## YOUR GOAL
Starting with the line that has "中華足協王麟祥理事長(左)與陳其邁市長相見歡。足協提供" in the records below and ending with the line that has "GB 1928 Registered", output those lines exactly and nothing more; omit the pictures.

**** INFORMATION

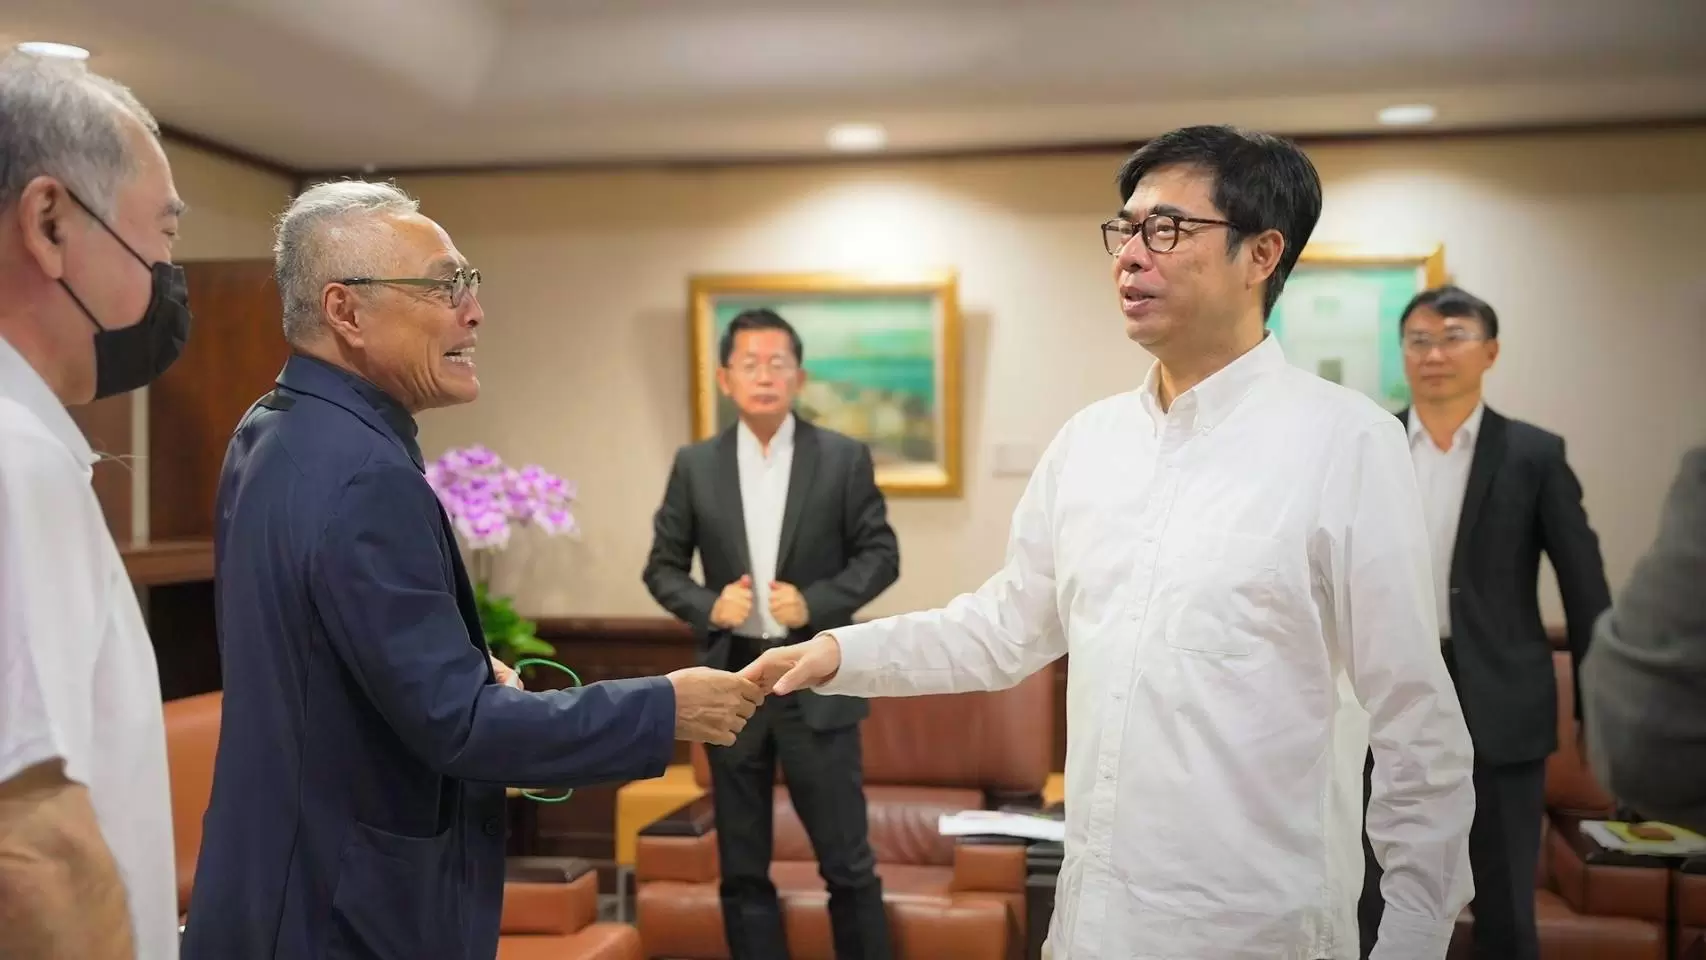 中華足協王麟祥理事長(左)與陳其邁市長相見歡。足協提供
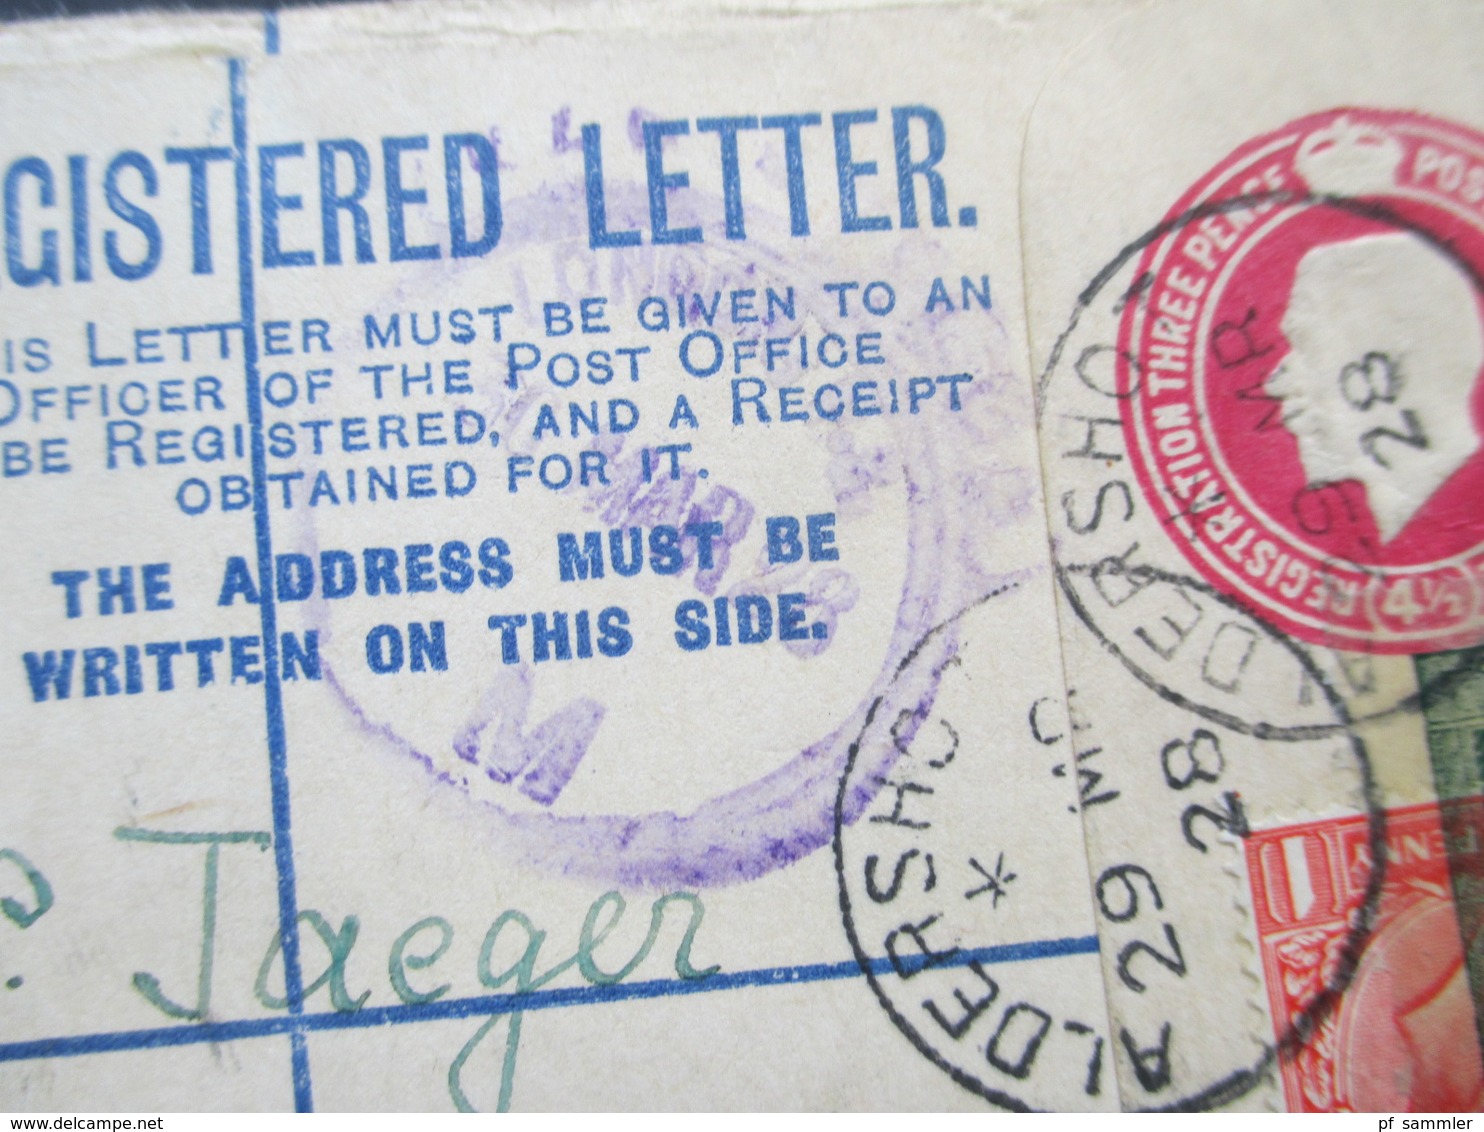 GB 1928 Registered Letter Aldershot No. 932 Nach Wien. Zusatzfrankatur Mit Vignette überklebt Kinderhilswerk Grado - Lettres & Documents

********
**** INFORMATION

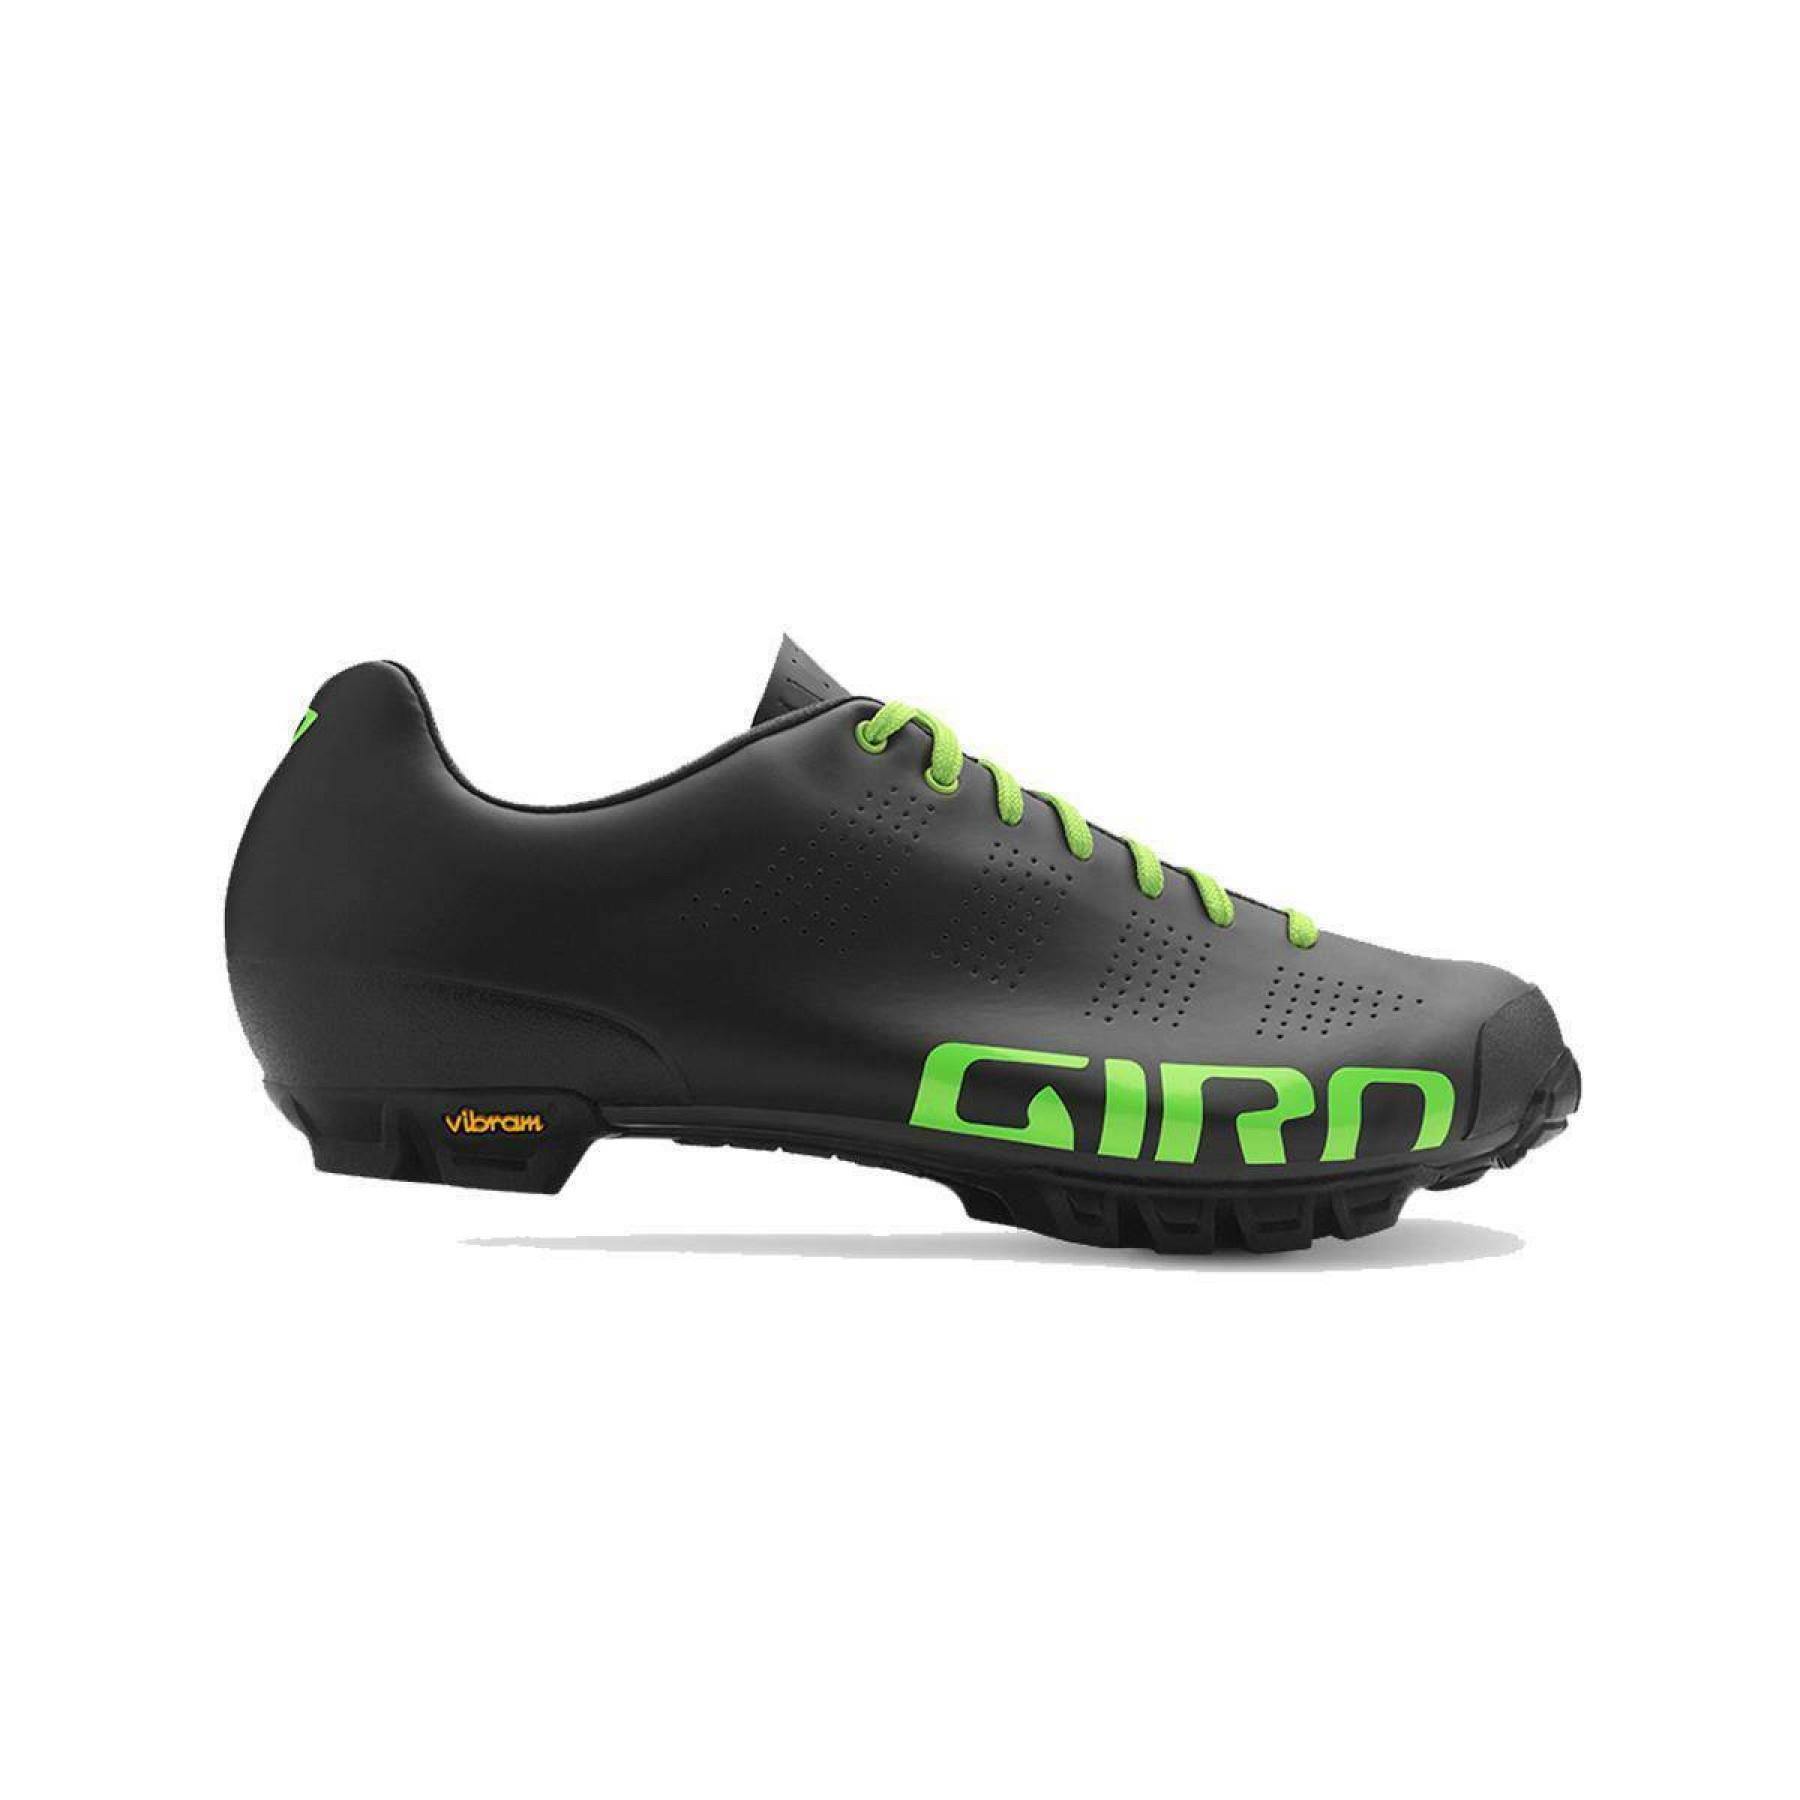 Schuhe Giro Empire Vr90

********
**** INFORMATION

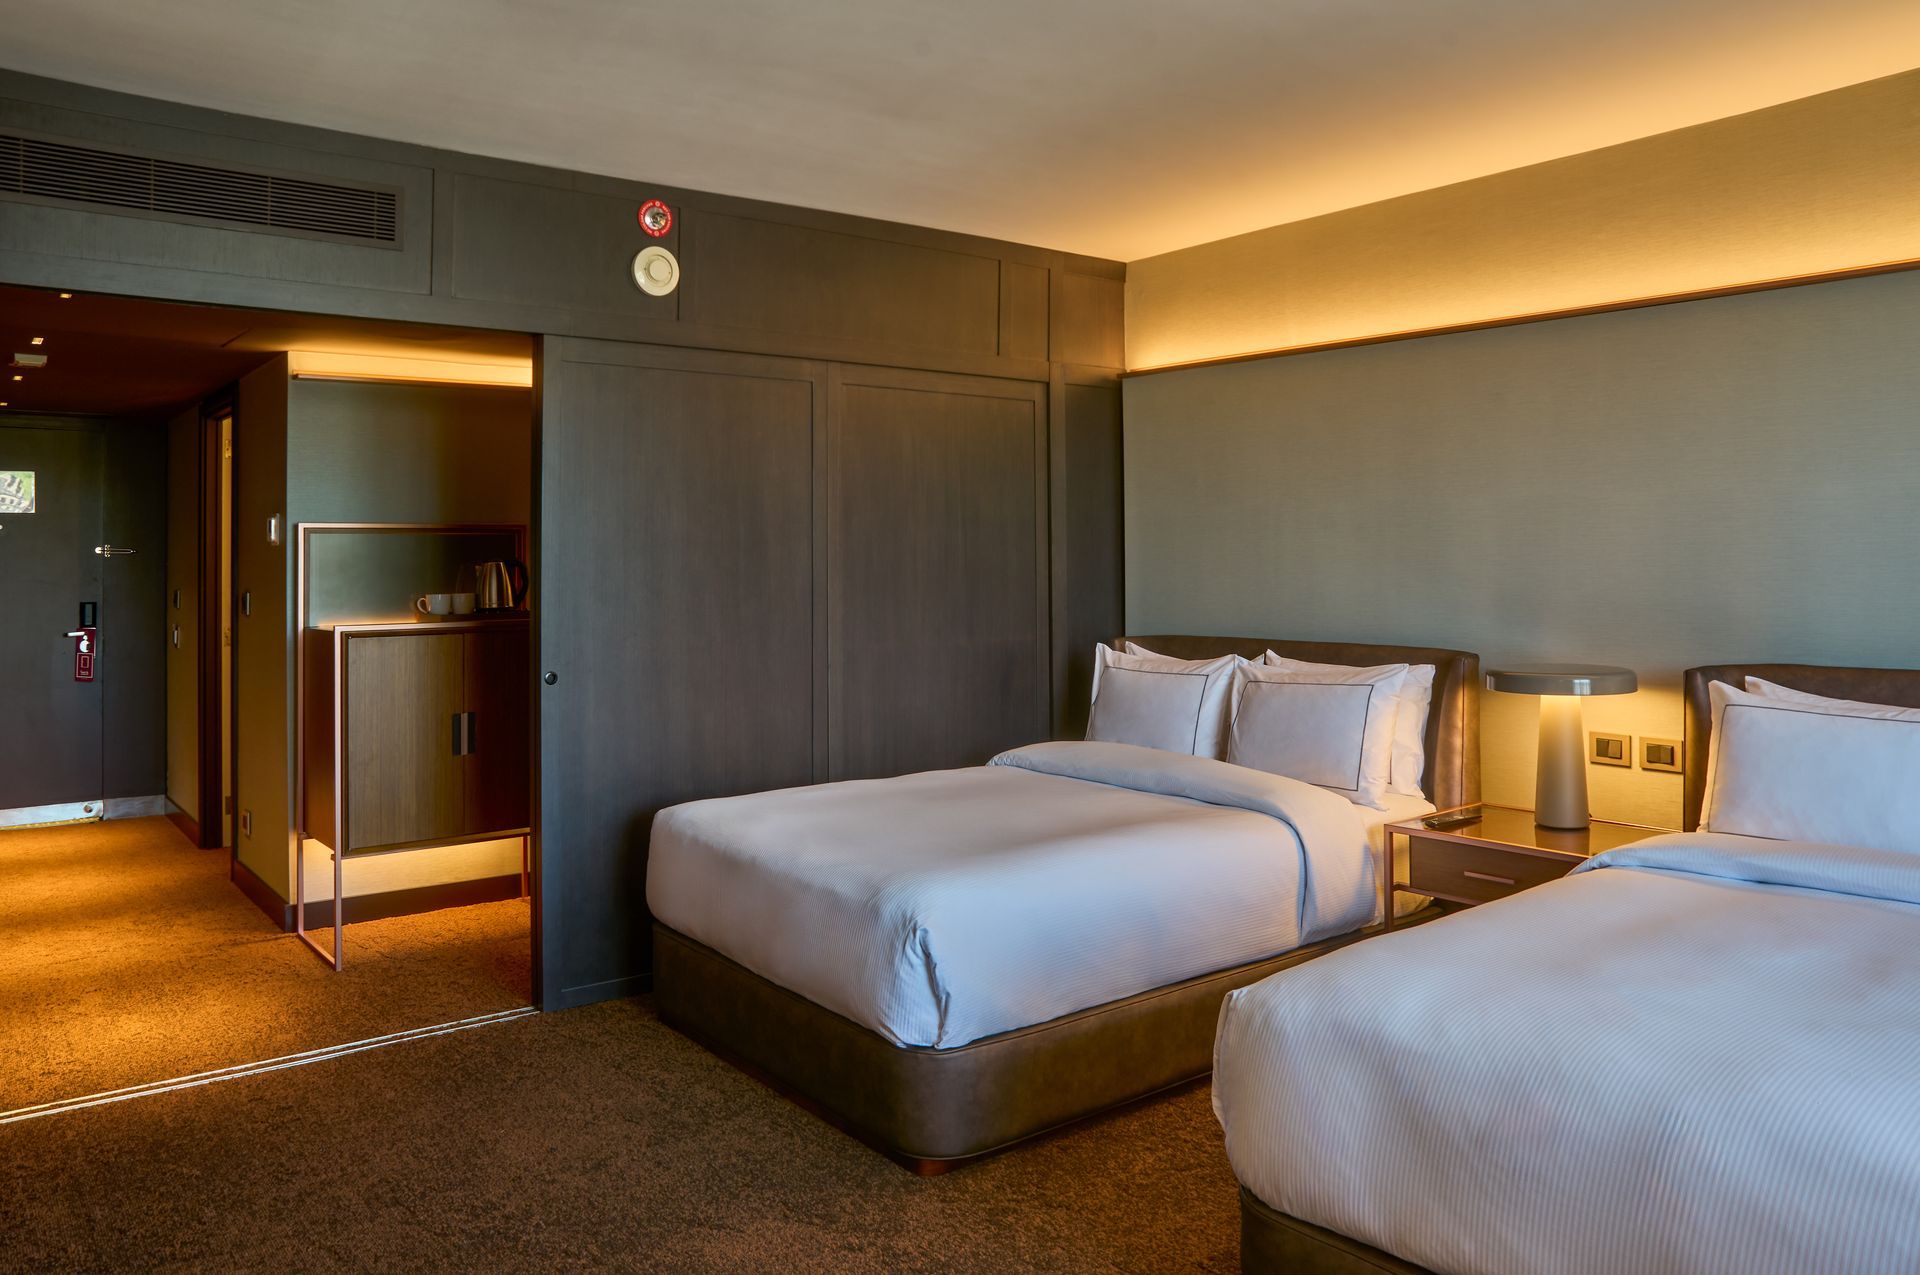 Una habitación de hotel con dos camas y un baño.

********

## REPLY
 中華足協王麟祥理事長(左)與陳其邁市長相見歡。足協提供
 GB 1928 Registered Letter Aldershot No. 932 Nach Wien. Zusatzfrankatur Mit Vignette überklebt Kinderhilswerk Grado - Lettres & Documents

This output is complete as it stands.